▸ THE DATA:
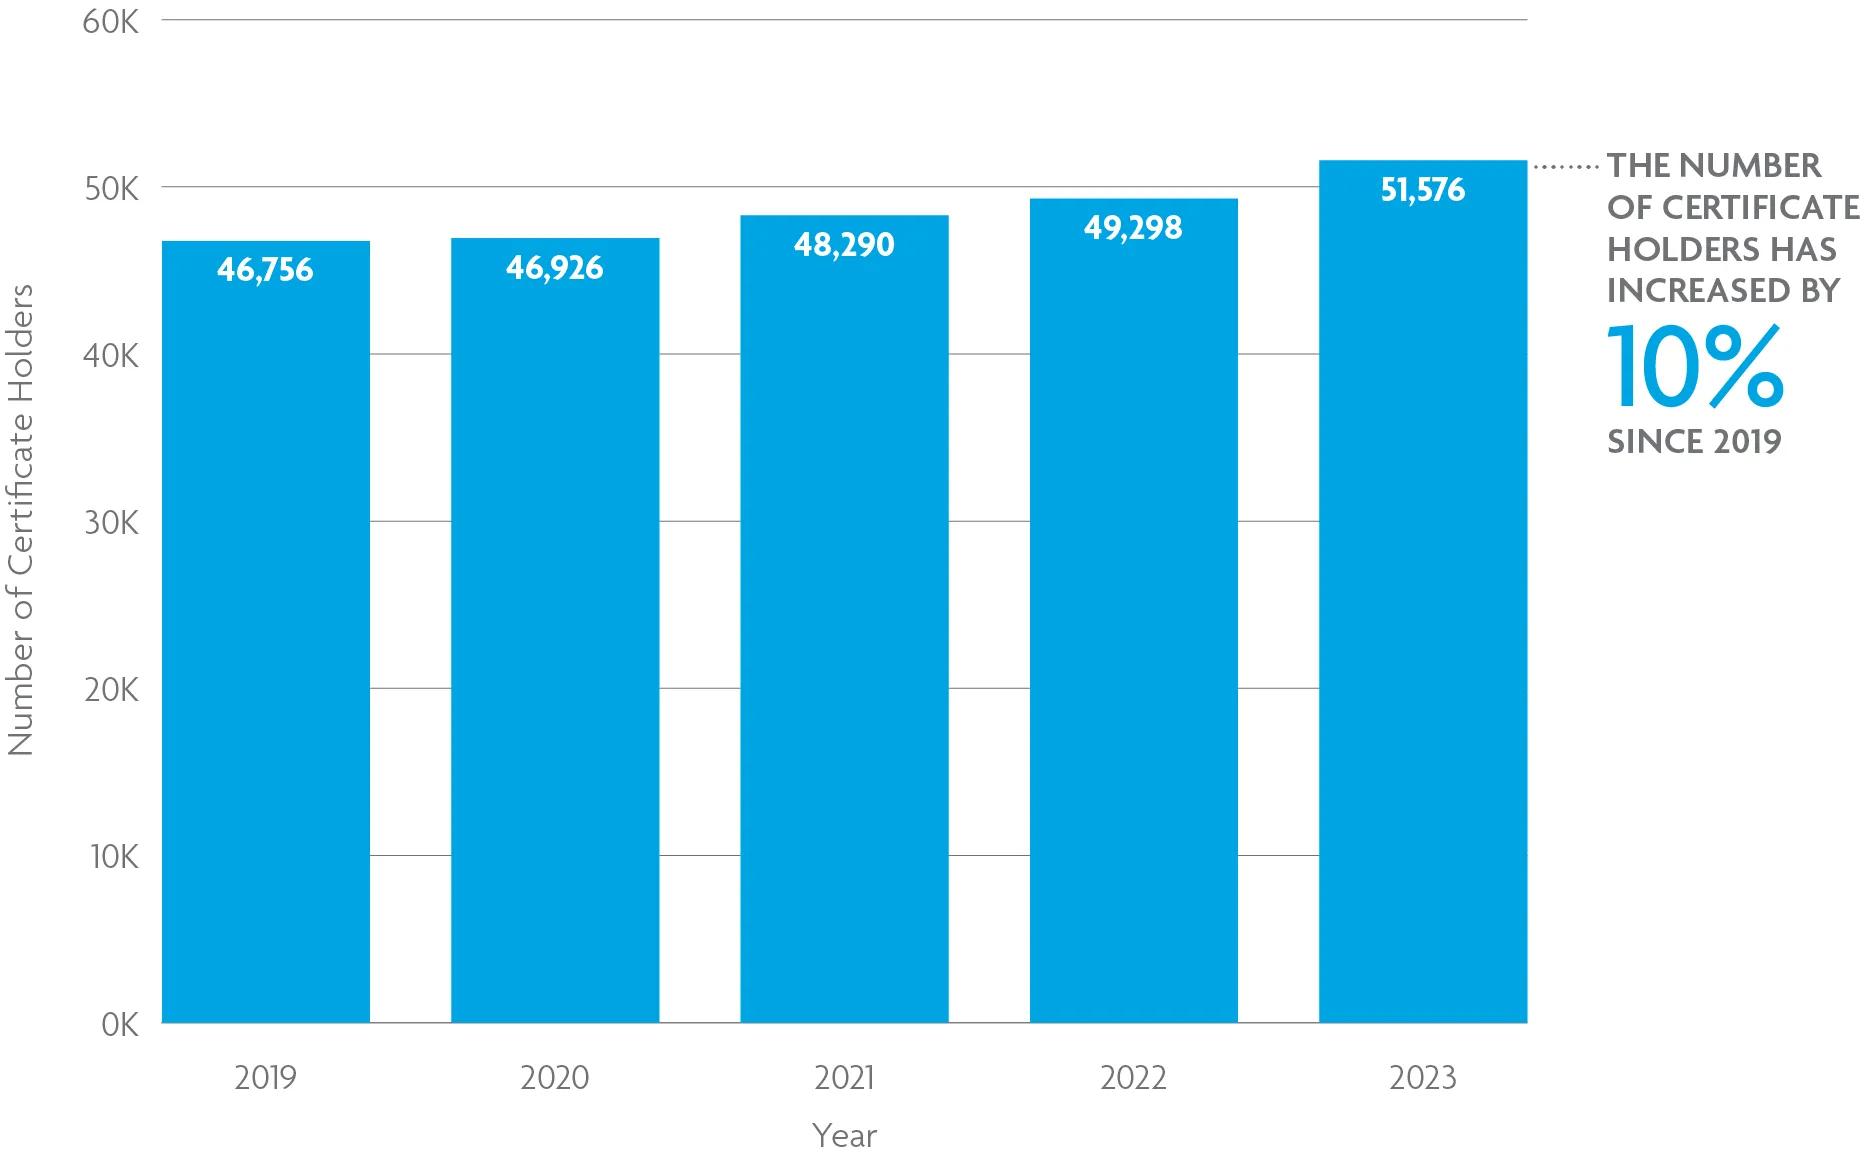 A bar chart shows that the number of Certificate holders rose to 51,576 in 2023. For help with data accessibility, contact communications@ncarb.org.
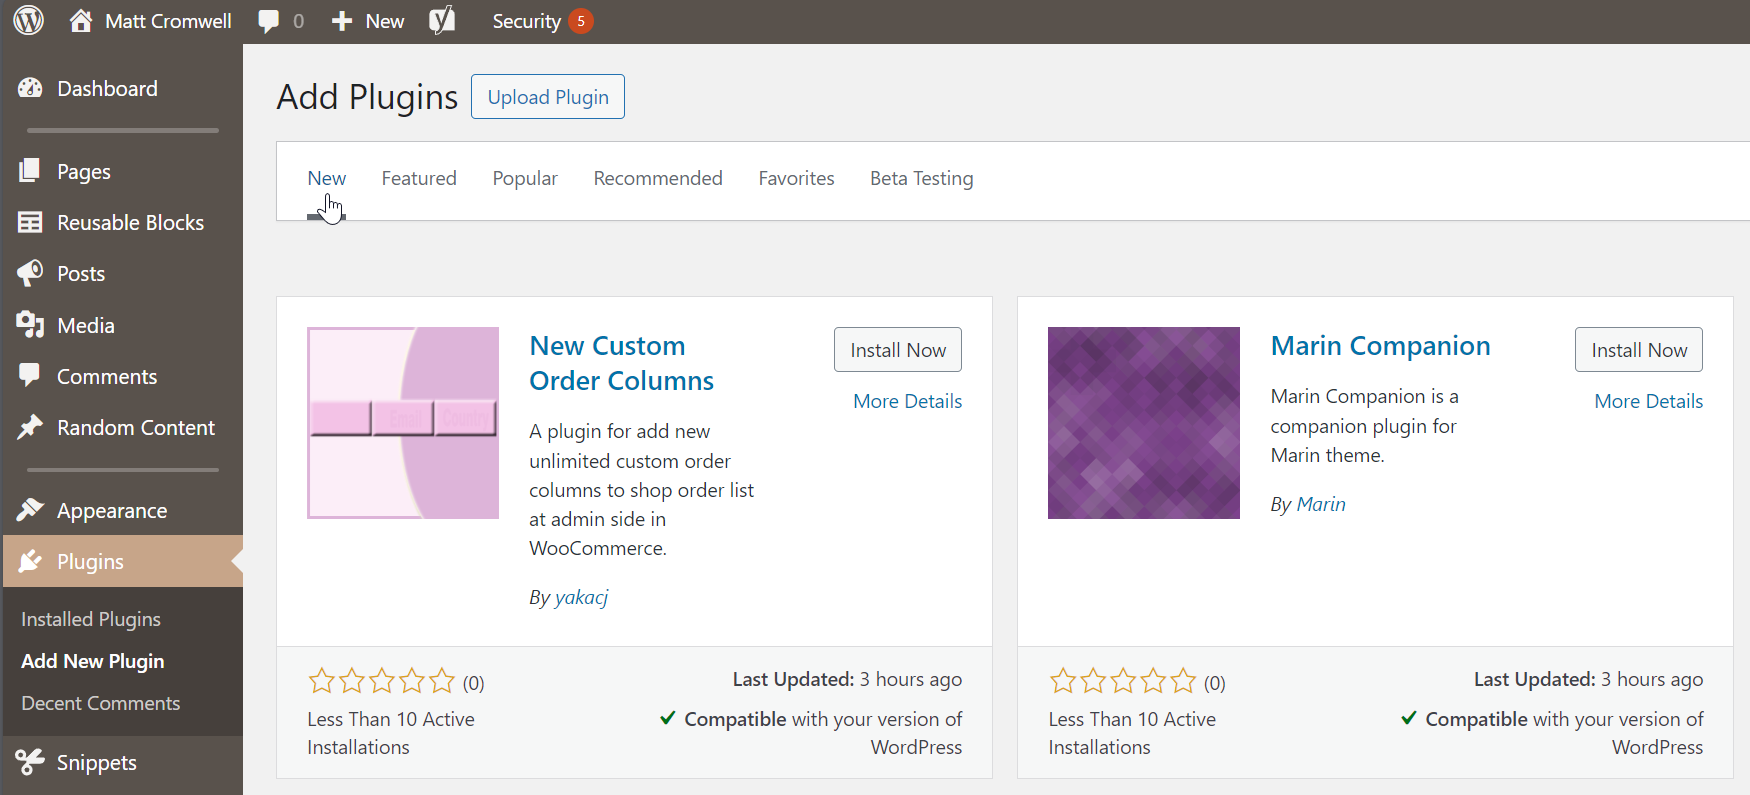 A screenshot of the WordPress dashboard 'Add Plugins' page with options to filter by 'New,' 'Featured,' 'Popular,' 'Recommended,' 'Favorites,' and 'Beta Testing.' The screen displays two plugin options: "New Custom Order Columns" and "Marin Companion" with their respective details, ratings, and the 'Install Now' button visible.
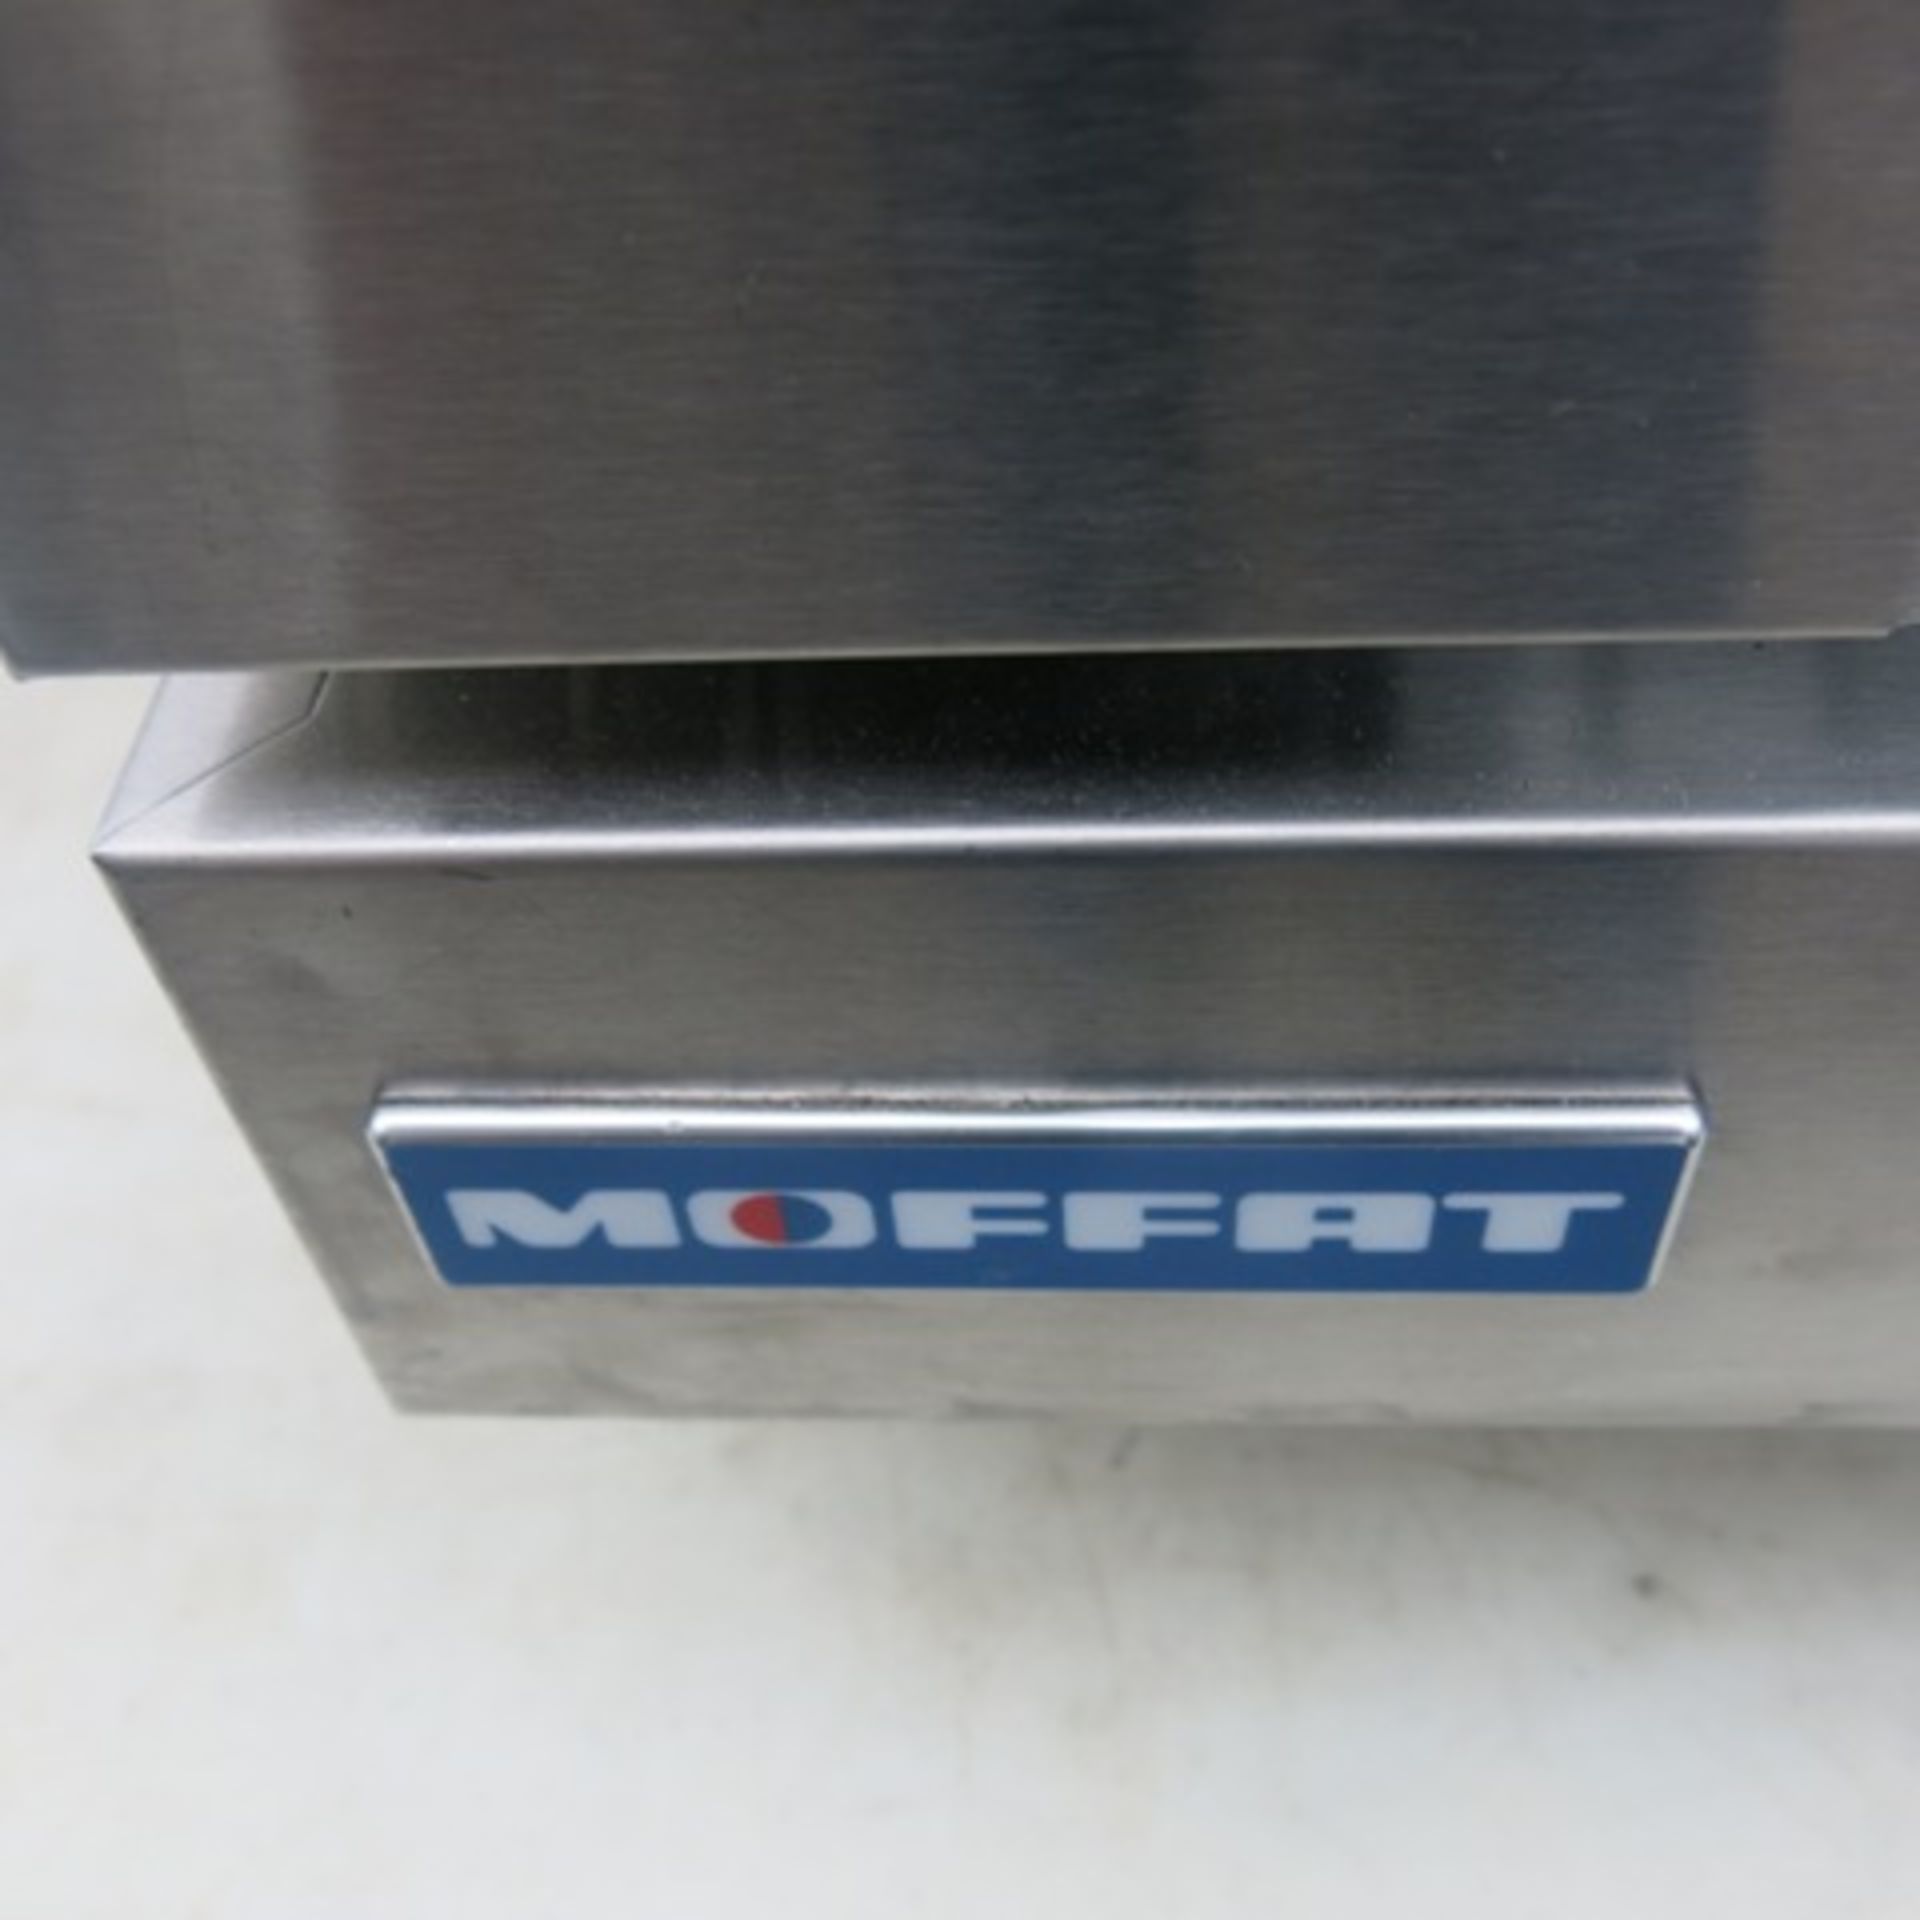 Moffat Counter Top Turbo Fan Convection Oven, Model E22M3. Comes with 3 Trays - Image 3 of 7

▸ BRIEF:
Copy all the data exactly as written, but skip any picture.

▸ SOLUTION FOR THIS EXERCISE:
 A bar chart shows that the number of Certificate holders rose to 51,576 in 2023. For help with data accessibility, contact communications@ncarb.org.
 A screenshot of the WordPress dashboard 'Add Plugins' page with options to filter by 'New,' 'Featured,' 'Popular,' 'Recommended,' 'Favorites,' and 'Beta Testing.' The screen displays two plugin options: "New Custom Order Columns" and "Marin Companion" with their respective details, ratings, and the 'Install Now' button visible.
 Moffat Counter Top Turbo Fan Convection Oven, Model E22M3. Comes with 3 Trays - Image 3 of 7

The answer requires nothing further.